Task to complete: Could you transcribe all of the data exactly and skip any pictures?
Stored data: Begin
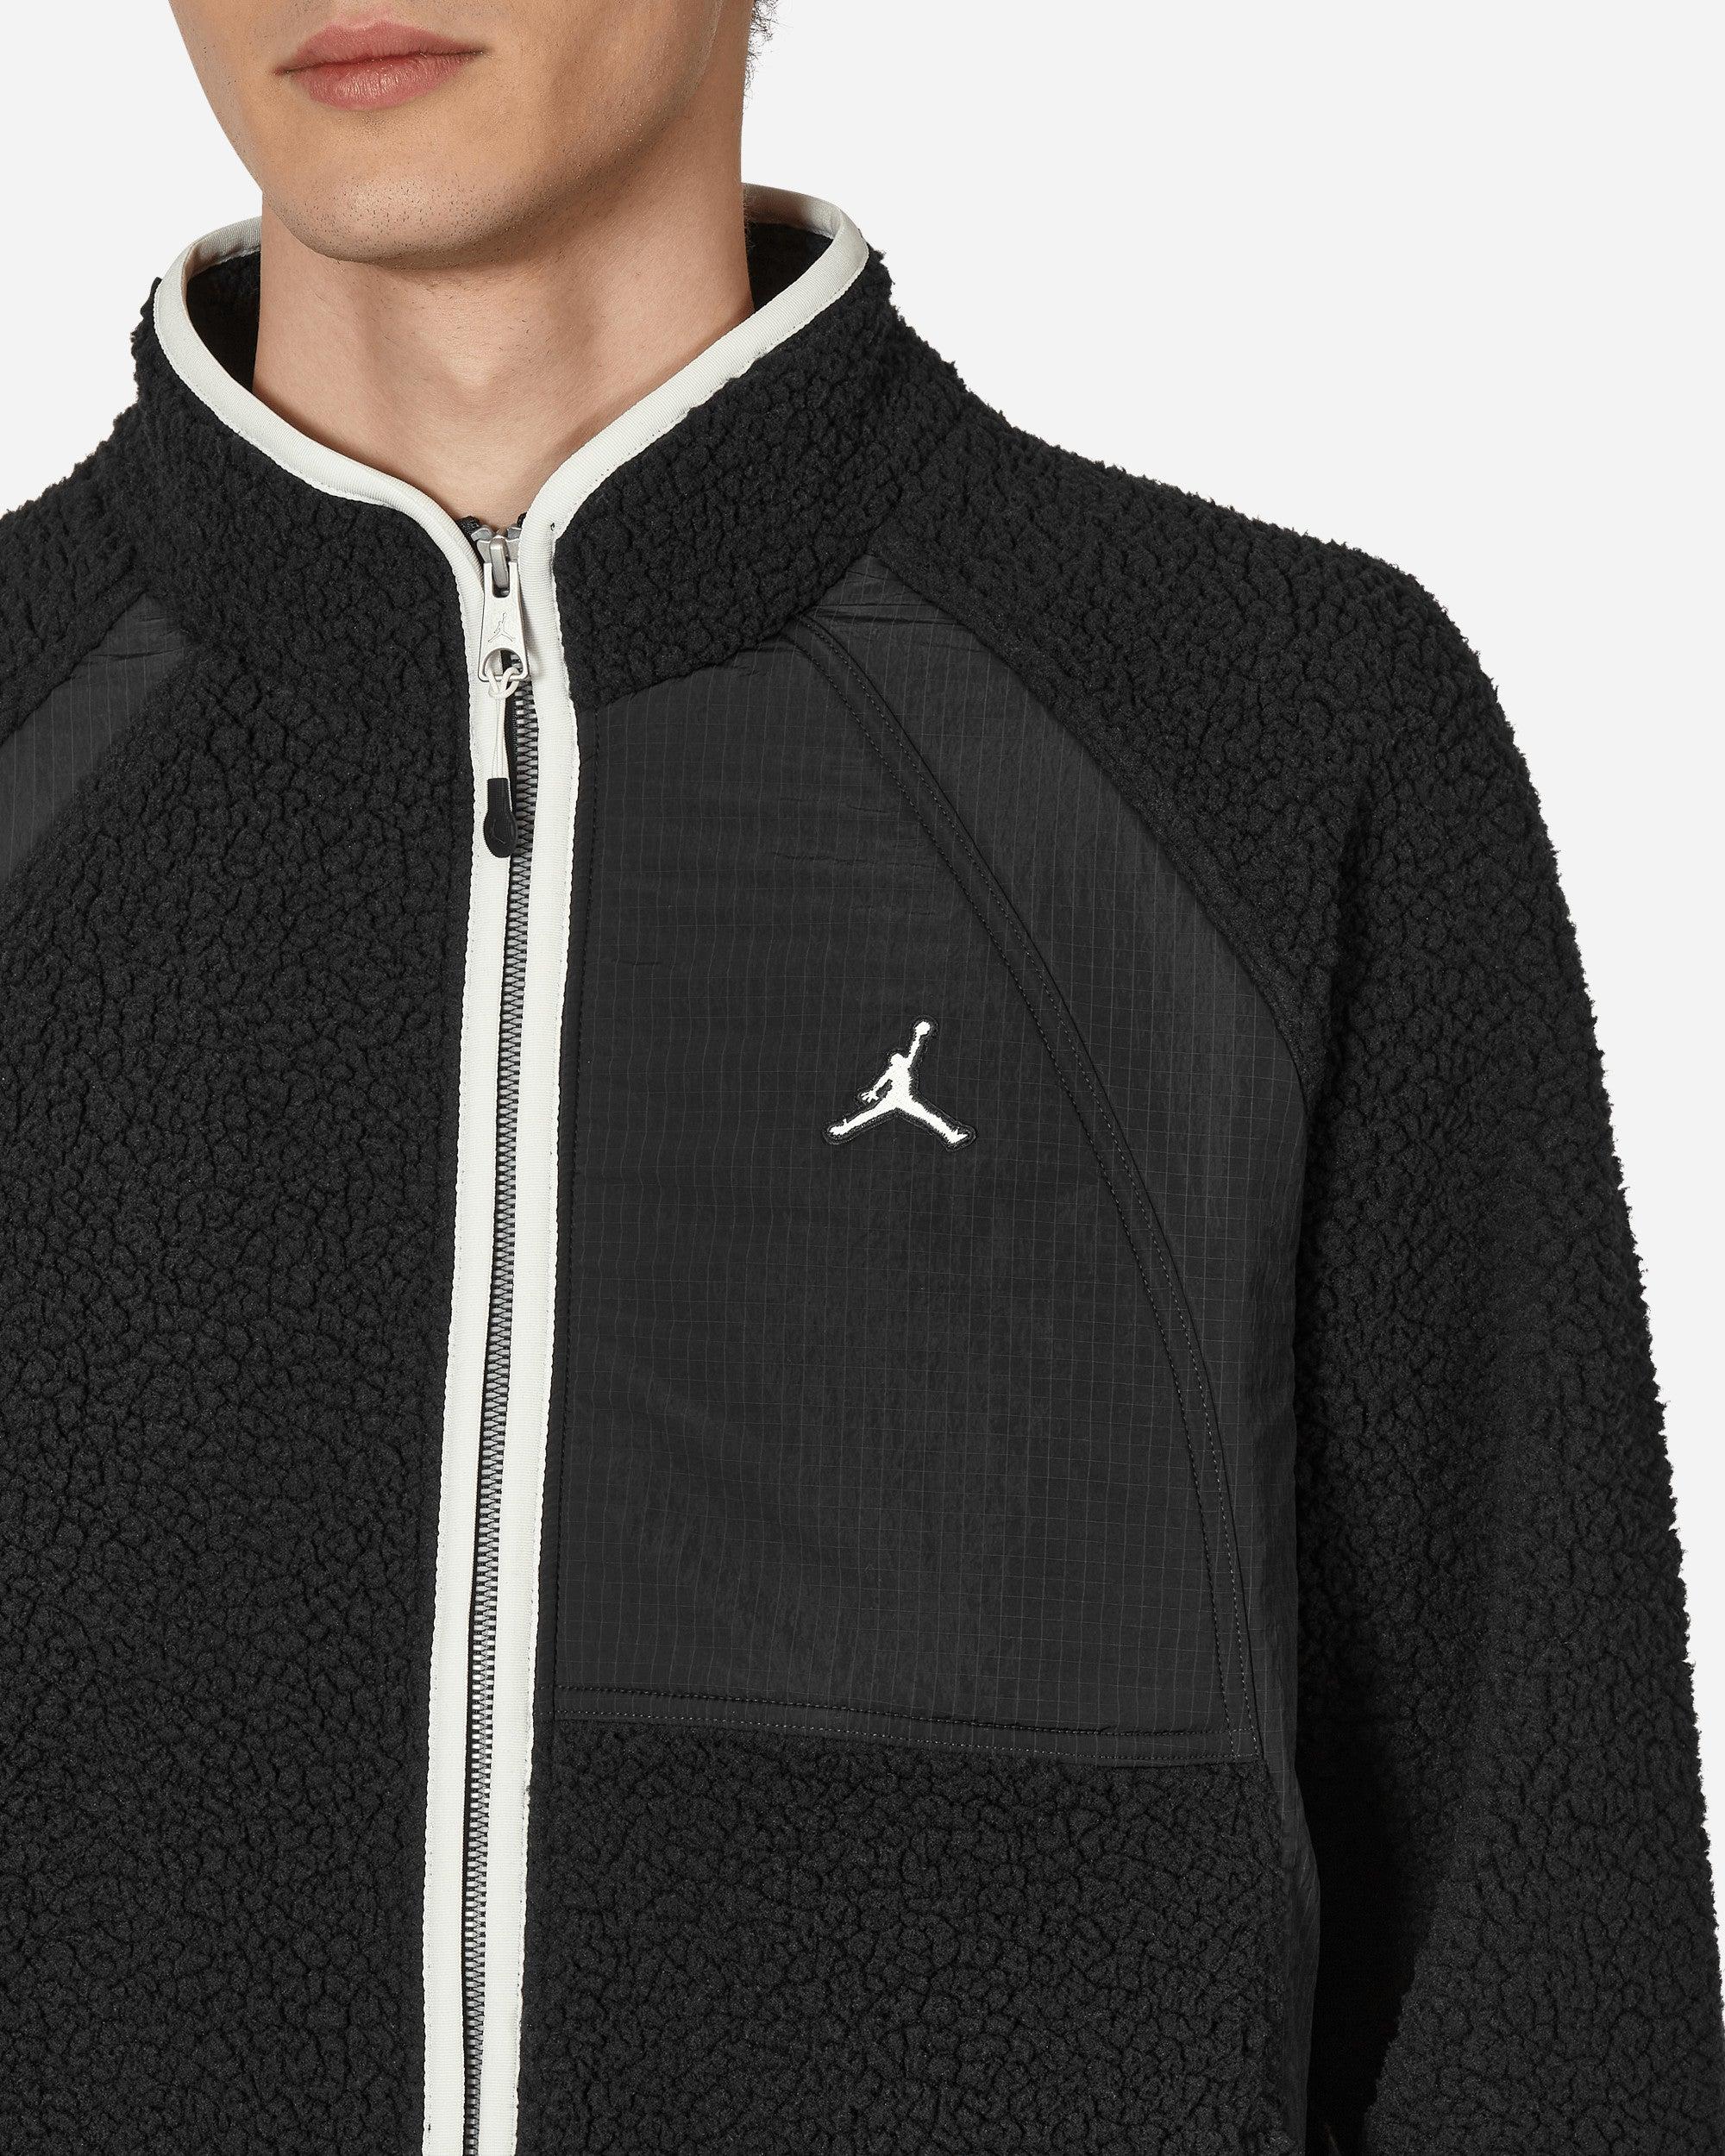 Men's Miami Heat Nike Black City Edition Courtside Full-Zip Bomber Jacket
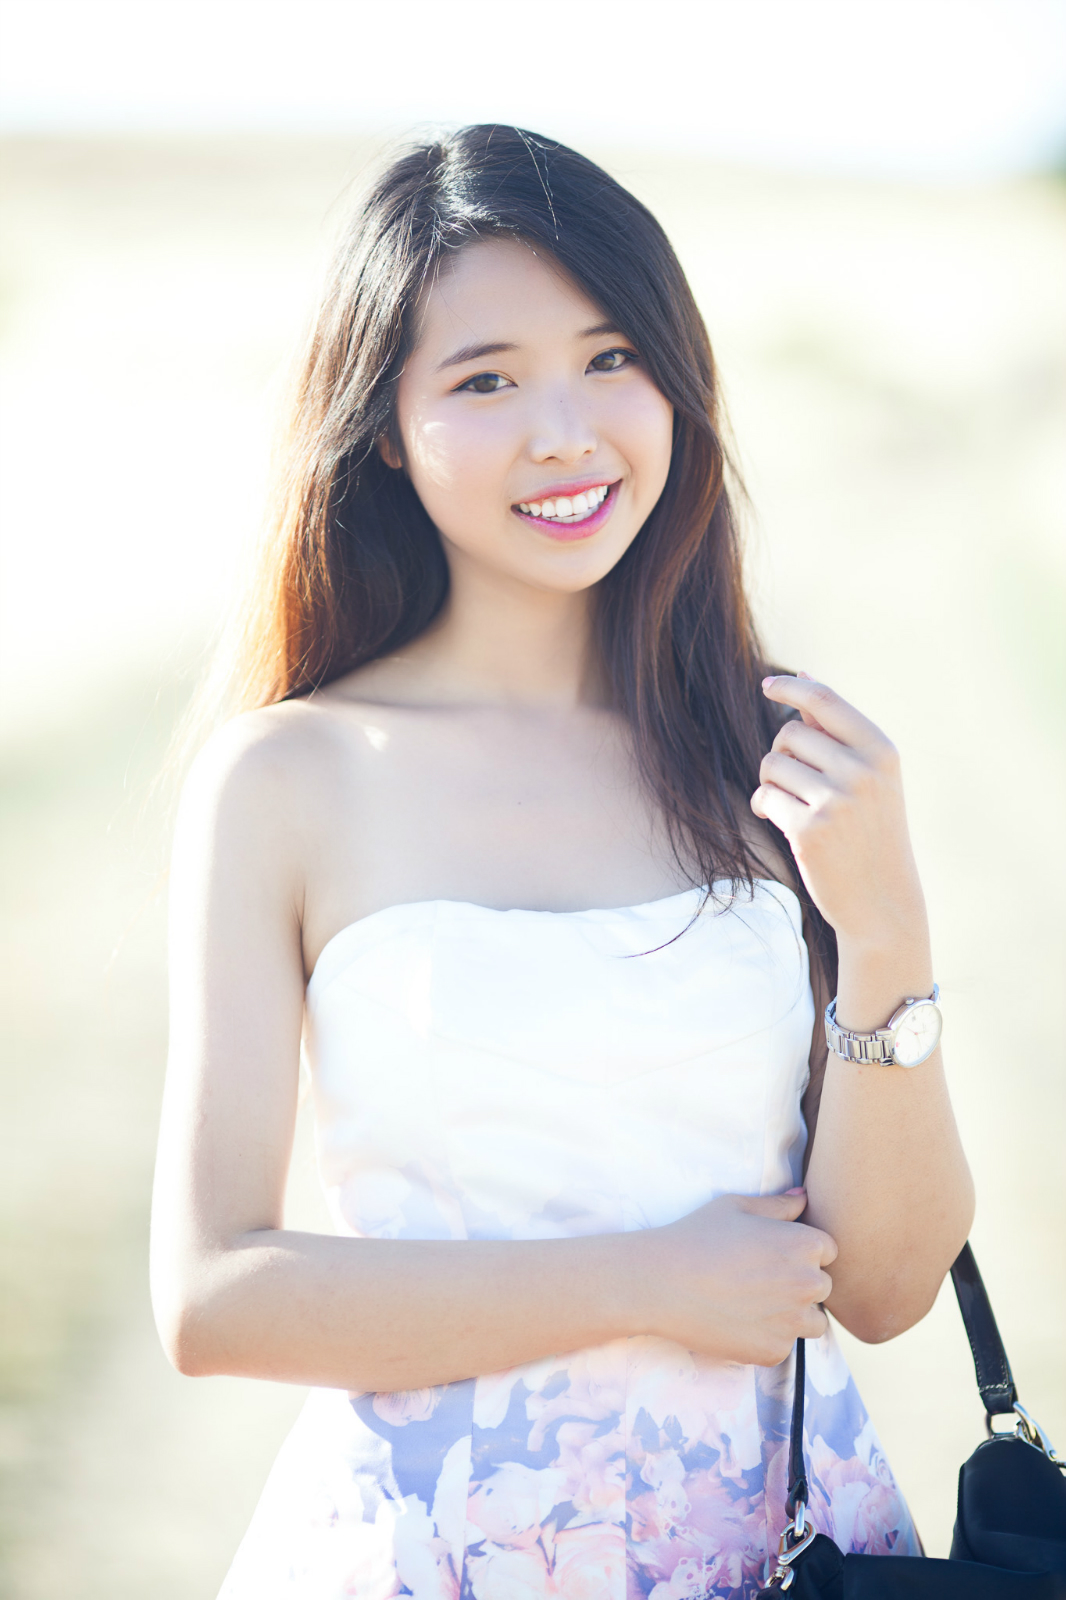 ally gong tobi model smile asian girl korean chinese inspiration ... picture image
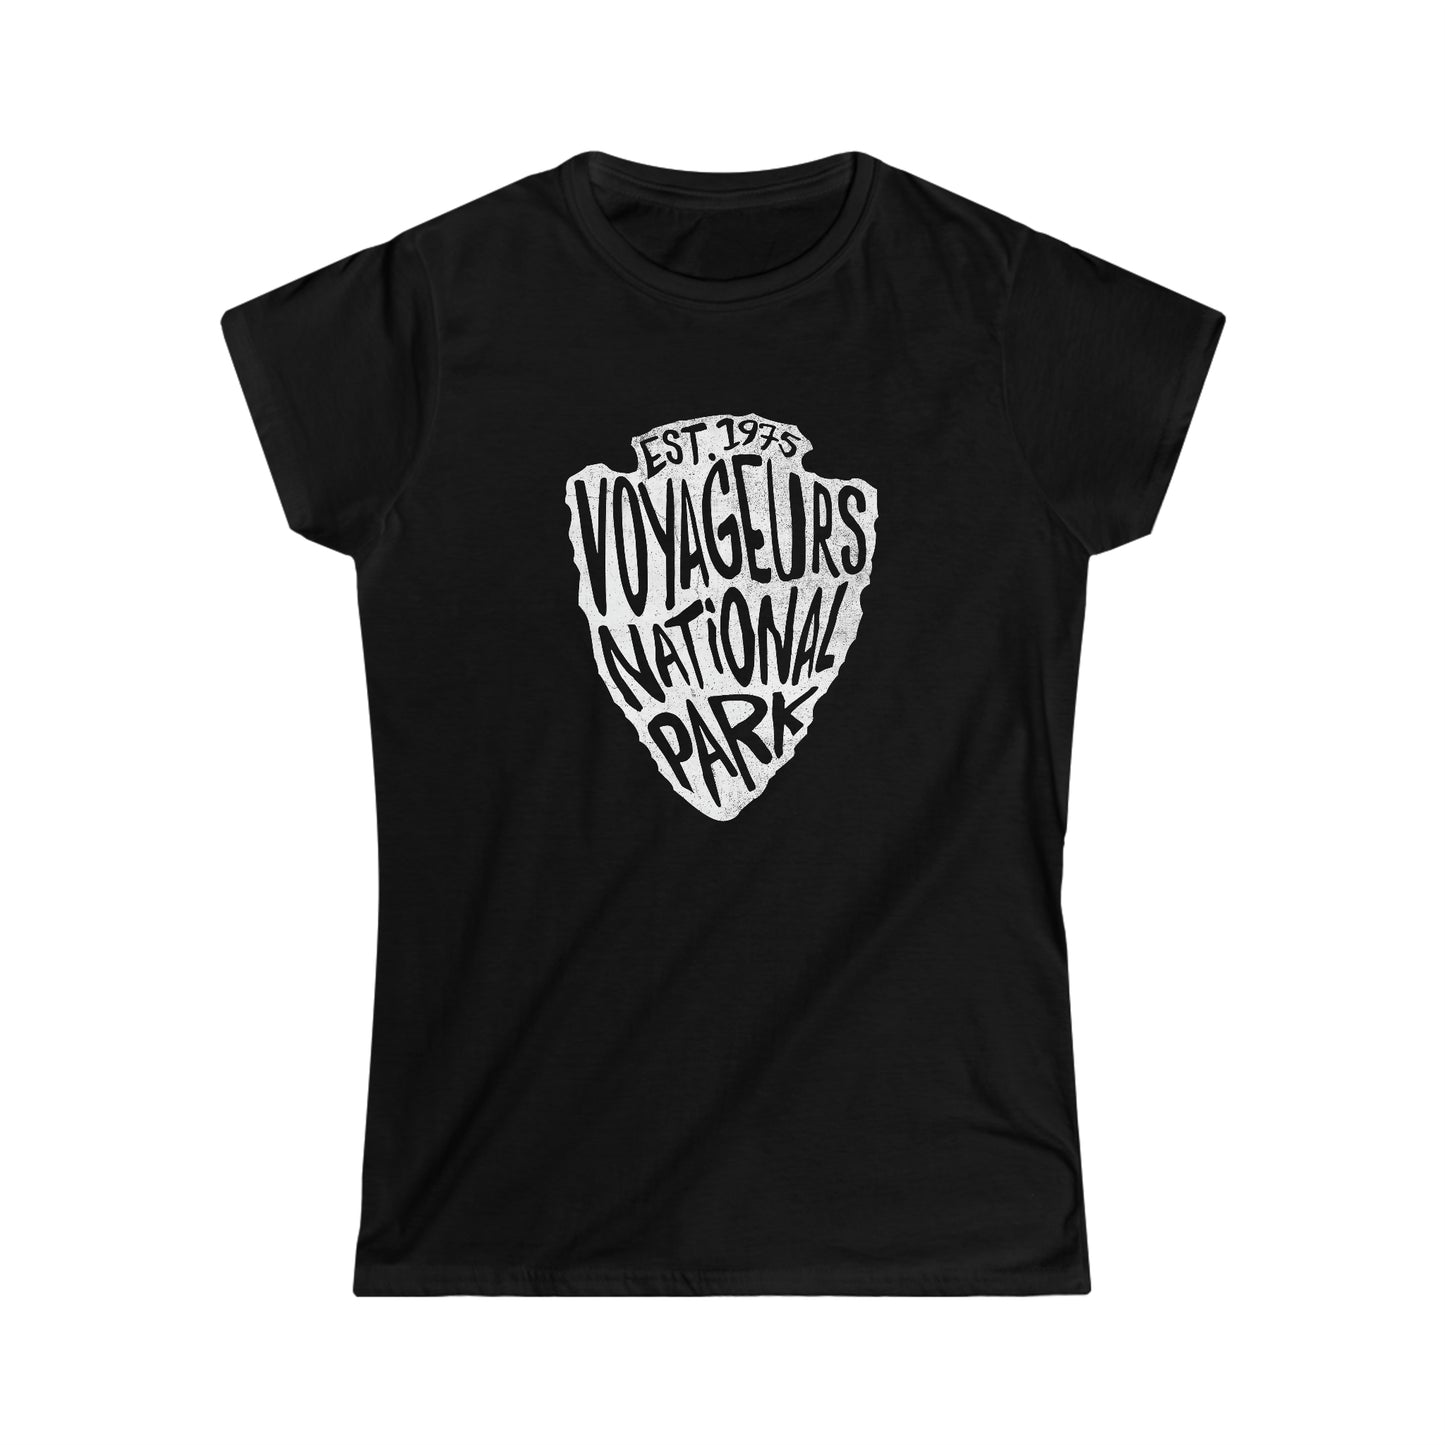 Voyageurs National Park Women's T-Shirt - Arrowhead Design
Stored data: End
Task result:
 Men's Miami Heat Nike Black City Edition Courtside Full-Zip Bomber Jacket
 ally gong tobi model smile asian girl korean chinese inspiration ... picture image
 Voyageurs National Park Women's T-Shirt - Arrowhead Design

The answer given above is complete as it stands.